Not to be fixed
Created: May 9, 2013
Updated: Apr 19, 2018
Resolved Date: Apr 17, 2018
Previous ID: LIN5-5725, LIN6-3076
Found In Version: 6.0
Severity: Severe
Applicable for: Wind River Linux 6
Component/s: Kernel
In customer's network night test environment(custom run many auto scripts which have many NIC shutdown/no shutdown operation), they often meet the following issue(can met every night):
/*****************************************************************/
e1000 0000:02:01.0: eth1: Reset adapter
e1000 0000:02:01.0: eth1: e1000_reinit_safe set __E1000_RESETTING
e1000 0000:02:01.0: eth1: e1000_reinit_safe reset __E1000_RESETTING
e1000: eth1 NIC Link is Up 1000 Mbps Full Duplex, Flow Control: None
e1000 0000:02:03.0: eth3: Reset adapter
e1000 0000:02:03.0: eth3: e1000_reinit_safe set __E1000_RESETTING
------------[ cut here ]------------
WARNING: at /ers_rp/build-rp-wrl5/build/projectDir-intel-xeon-core_32-RGZ4vx/bitbake_build/tmp/work/intel_xeon_core_32-wrs-linux/linux-windriver-3.4-r0/linux/drivers/net/ethernet/intel/e1000/e1000_main.c:1461 e1000_close+0x94/0xa0()

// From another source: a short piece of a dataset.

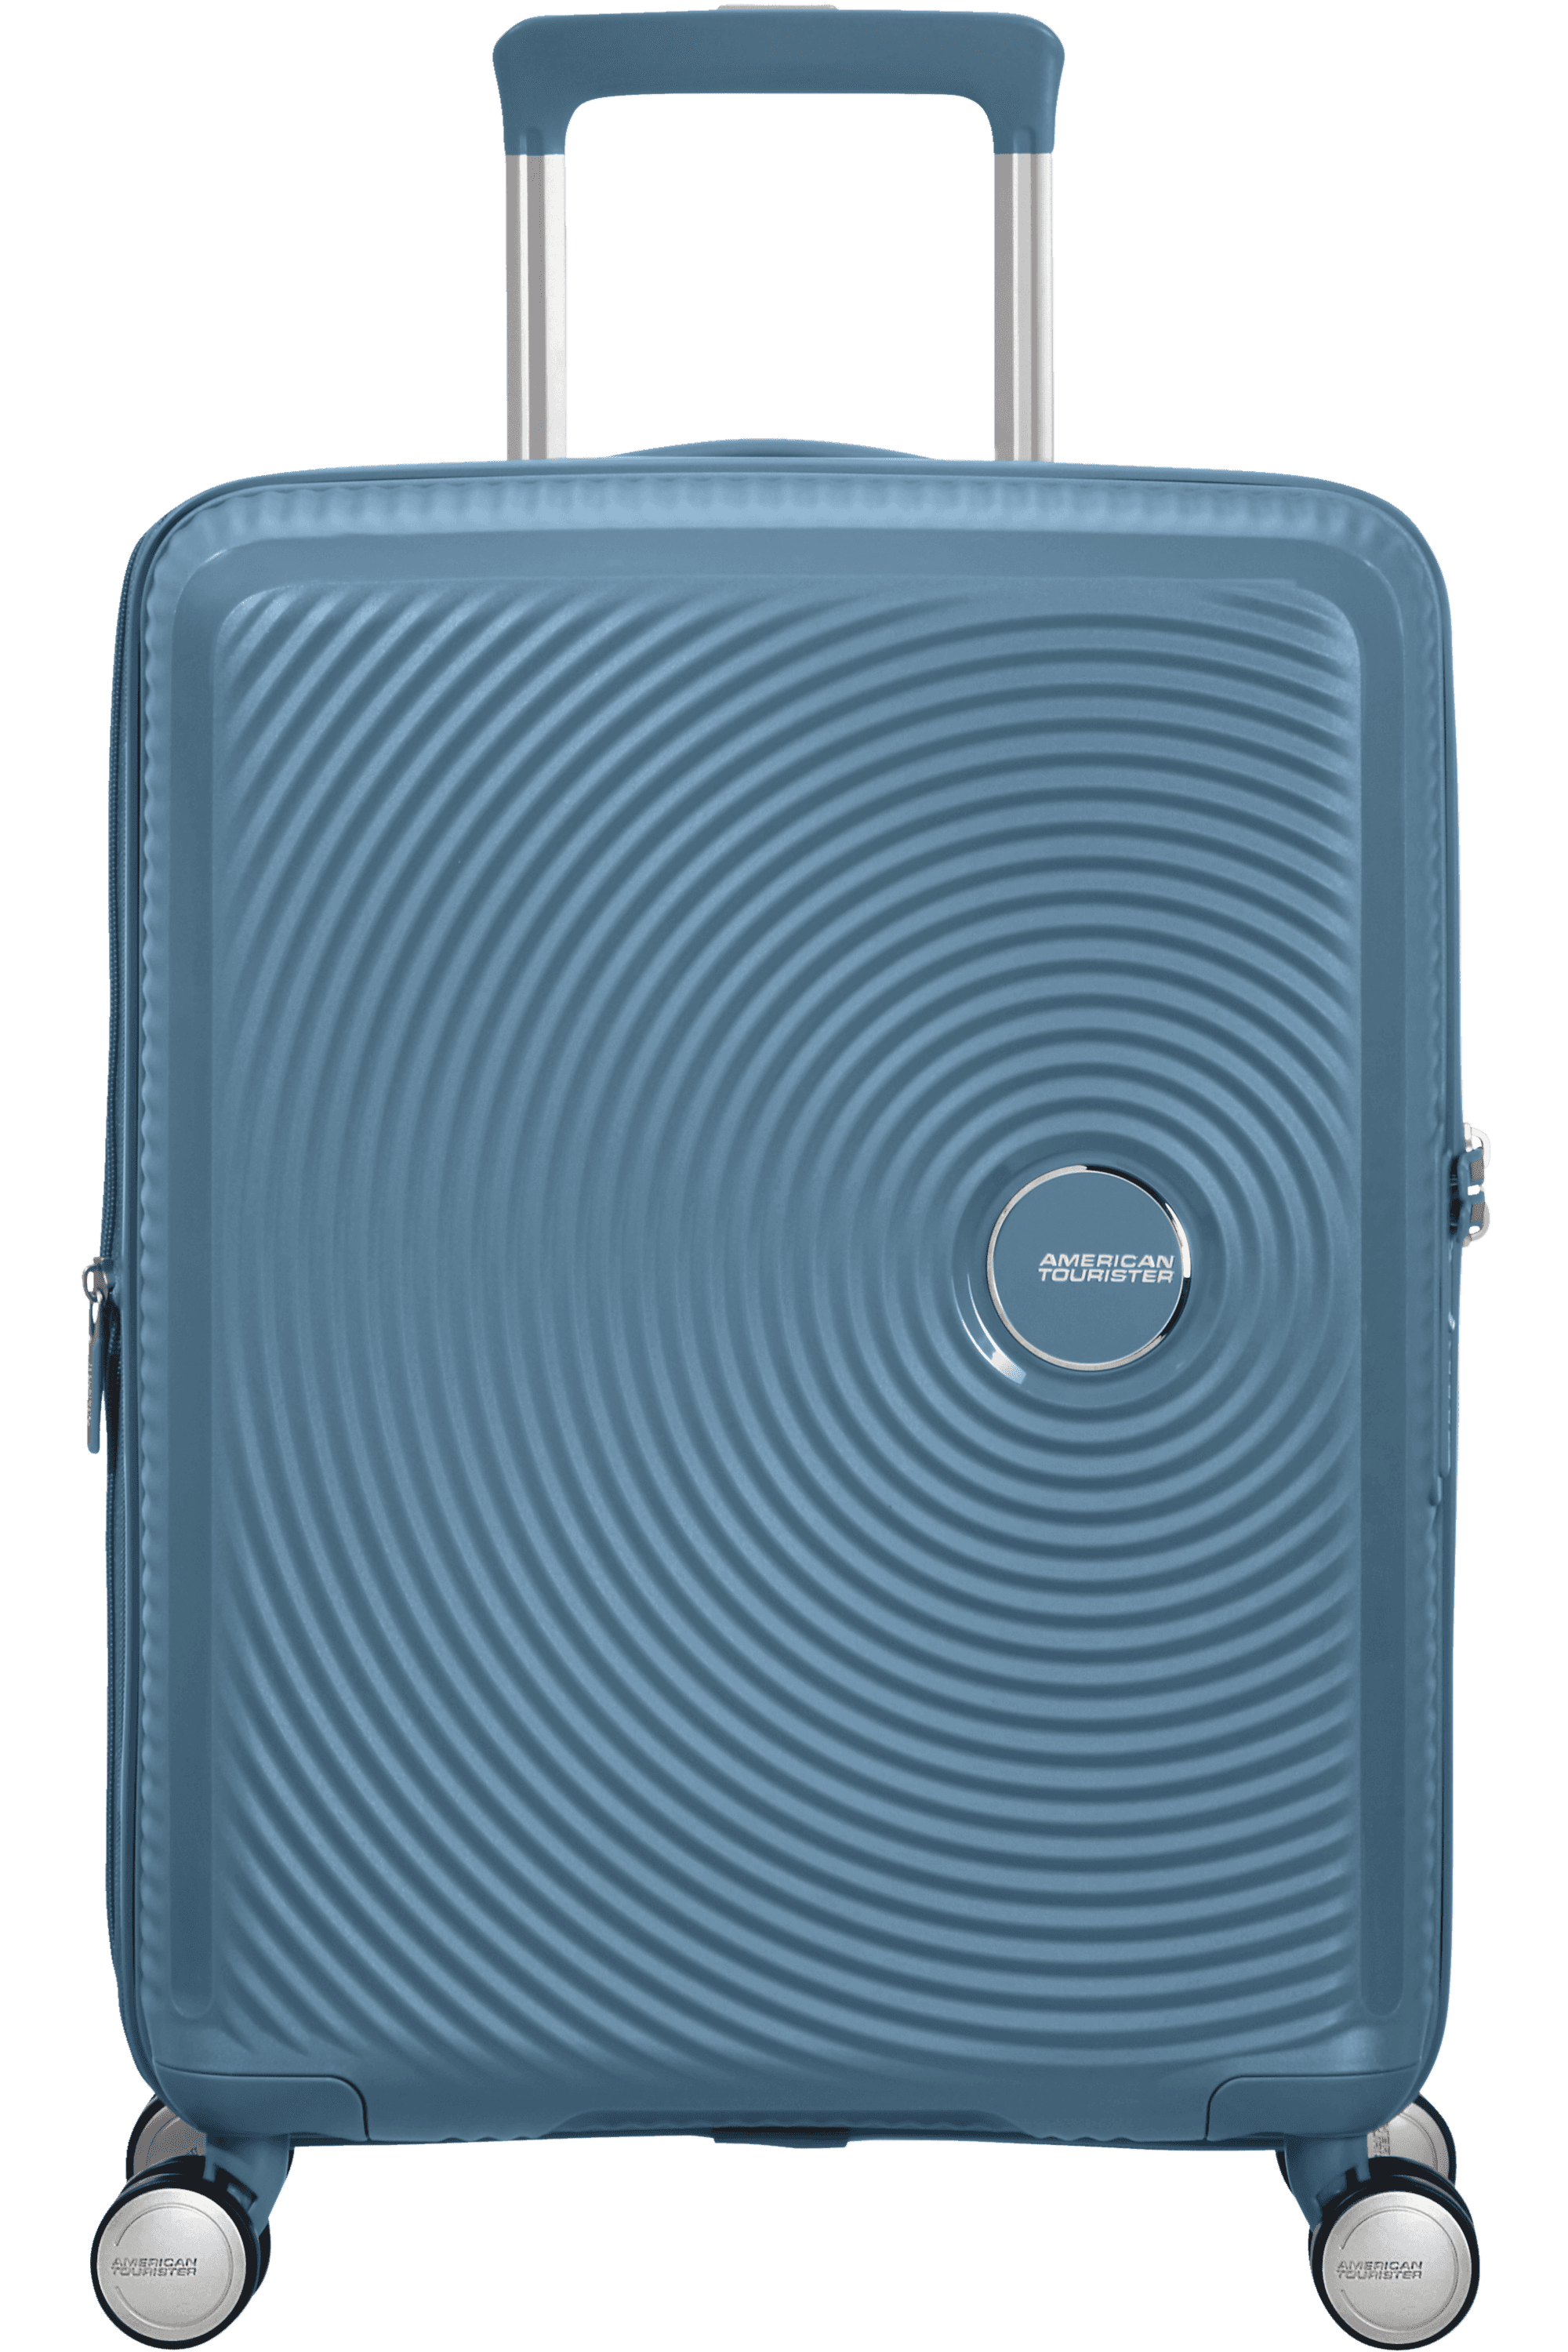 UpBeat Backpack | American Tourister UK

Hardware name: VMware Virtual Platform
Modules linked in: evdev power_supply container hwmon processor coretemp ata_generic aes_i586 cryptd aesni_intel ac layer2_module x_tables ip_tables iptable_filter
Pid: 1119, comm: HSL Tainted: G W 3.4.34-WR5.0.1.0_standard #3
Call Trace:
[<c1032822>] warn_slowpath_common+0x72/0xa0
[<c14adcf4>] ? e1000_close+0x94/0xa0
[<c14adcf4>] ? e1000_close+0x94/0xa0
[<c1032872>] warn_slowpath_null+0x22/0x30
[<c14adcf4>] e1000_close+0x94/0xa0
[<c15ca871>] __dev_close_many+0x71/0xc0
[<c1038be3>] ? local_bh_enable_ip+0x43/0xa0
[<c15ca8ed>] __dev_close+0x2d/0x40
[<c15cef72>] __dev_change_flags+0x82/0x150
[<c12e8dcc>] ? security_capable+0x1c/0x30
[<c15cf0e1>] dev_change_flags+0x21/0x60
[<c16498a0>] devinet_ioctl+0x560/0x6b0
[<c133ee76>] ? __percpu_counter_add+0xa6/0xf0
[<c164a38d>] inet_ioctl+0x8d/0xb0
[<c15b822d>] sock_ioctl+0x6d/0x290
[<c15b81c0>] ? sock_fasync+0x90/0x90
[<c113e5c2>] do_vfs_ioctl+0x82/0x570
[<c15b90d4>] ? sock_map_fd+0x24/0x30
[<c15ba0e0>] ? sys_socket+0x50/0xf0
[<c15bb527>] ? sys_socketcall+0x77/0x370
[<c113eb19>] sys_ioctl+0x69/0xe0
[<c1752690>] sysenter_do_call+0x12/0x26
---[ end trace 515a98bd32c5aba3 ]---
/********************************************************/
From the codes of calling e1000_reinit_safe:
/********************************************************/
static void e1000_reinit_safe(struct e1000_adapter *adapter)
{
while (test_and_set_bit(__E1000_RESETTING, &adapter->flags))
msleep(1);
mutex_lock(&adapter->mutex);
e1000_down(adapter);
e1000_up(adapter);
mutex_unlock(&adapter->mutex);
clear_bit(__E1000_RESETTING, &adapter->flags);
}
/********************************************************/
We can see after setting __E1000_RESETTING flag, it will sleep for a while before geting adapter->mutex, at this time, other task may call e1000_close, and found the RESETTING flag is still there will throw the above Warning, if the mutex can not be got all the time, there maybe the above issue.
And after doing some searching on web, found there is a similiar issue:adapter is being closed and reset simultaneously(http://kernel.opensuse.org/cgit/kernel/commit/?id=bb9e44d0d0f45da356c39e485edacff6e14ba961), but it issue on e1000e, after made some changes under the guide of that patch, the frequency of this issue is few, but still can be met.
Hard to reproduce on our side, but customer can meet everynight.